I had a similar experience a few years ago.  I was looking on CL for anyone local with cherry, and an ad popped up for a person who was cleaning out the lower level of his barn that had a bunch of misc wood and was going to have a barn sale the upcoming weekend. I was planning to be on travel, so I responded and asked if I could take a look before the weekend. He indicated that he had no idea what the stuff was, and he had been renting it out to someone who up and left a few years earlier.

So upon my visit, I had to sift through a lot of stacks of various building materials to get through to some of the decent stuff. I told him what the species were (oak, cherry, maple) and their fair market value so that he wouldn't get skunked during his sale. He finally said that he didn't care, and that he just wanted everything in the barn cleaned out. After purchasing a few boards, he said:  "there's more over in the back corner" which wasn't very well lit.  So after removing the various stuff from the top, I ended up getting into some really wide, incredibly heavy, reddish-dark wood. I drug one of them out into the daylight, and knew right away that is was some type of tropical stuff which ended up being identified as bubinga. There were also sheets (1/8" thick) of the stuff in bundles, that in the dark, I thought was veneered plywood. Dragging that outside, it was the same species (bubinga), but not plywood.

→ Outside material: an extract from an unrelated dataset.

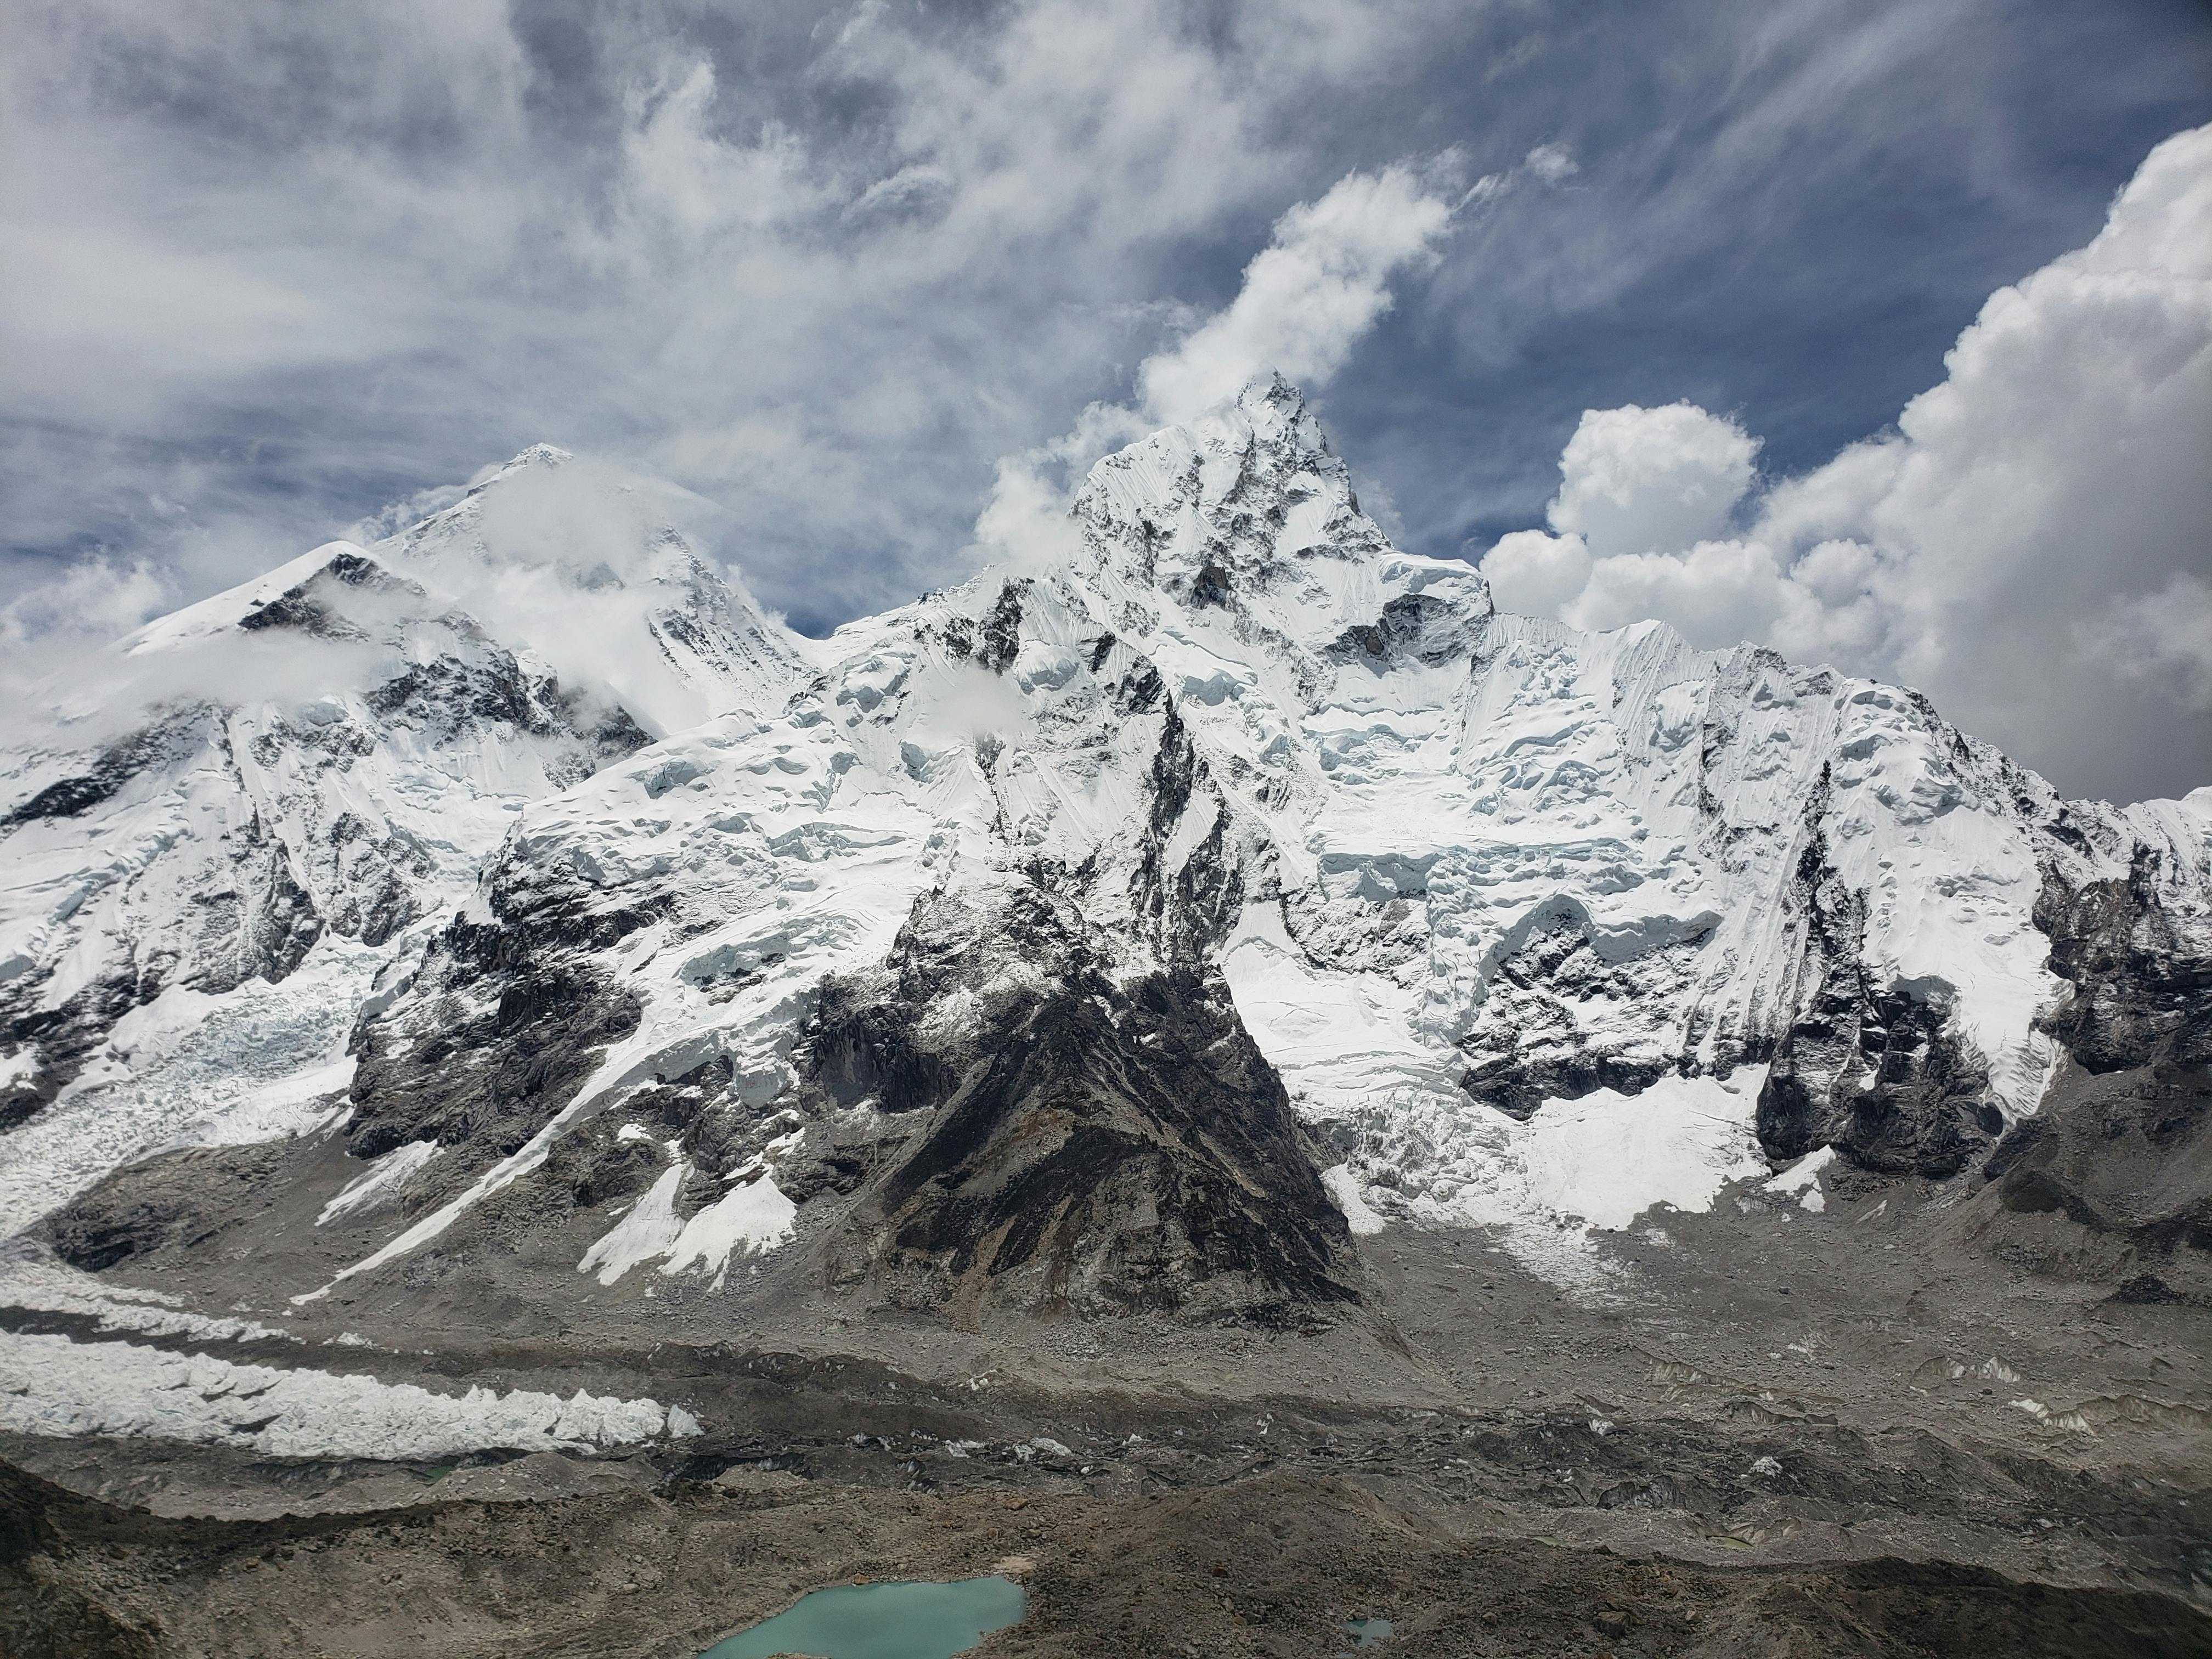 Hình nền Nền đội Leo Núi đầu Tiên Của Mt Everest đã Lên Tới đỉnh Núi Everest  Nền, Hình ảnh đỉnh Everest Nhìn Từ Trên Cao, Núi, Tây Tạng Background  Vector để

I ended up canceling my trip for Saturday, and got there early enough to purchase as much of the bubinga I could find, which took a lot of effort to move piles (this time, I brought a flashlight...). I had no idea what this person renting the barn was doing, until I saw someone walking around with templates for guitar bodies that they were going to buy.  Then I figured out that the 1/8" bubinga must have been tonewood (bookmatched sets), and there were other woods in there that I ended up having someone ID for me later.  I've made a few things along the way with some of the wood, but still have a ways to go before the rest takes a different form.

Similar to your situation, it was a crazy find. Like the saying goes: "Even a blind squirrel finds a nut now and then."

Kudos to you, and now you can ramp back up into woodworking again.

Offline Alanbach

  • Posts: 577
If the wood has no rot and it is not visibly warped, twisted, etc. then you are probably fine. Sounds like a terrific find! Enjoy! The biggest potential problem you face is not buying all you can. Then you will do a project and you will find that you need some more wood. The problem will start when you go to a hardwood retailer and see just how much you are going to have to pay for it😊. Like I said enjoy!

Online Cheese

  • Posts: 7531
I really wouldn't be concerned about the temperature fluctuations, wood does what it wants to do.

The bigger issue is if the water/mineral markings are significant enough to impair the overall general looks of the wood.

Sometimes the mineral markings can be a positive addition to the appearance of the material.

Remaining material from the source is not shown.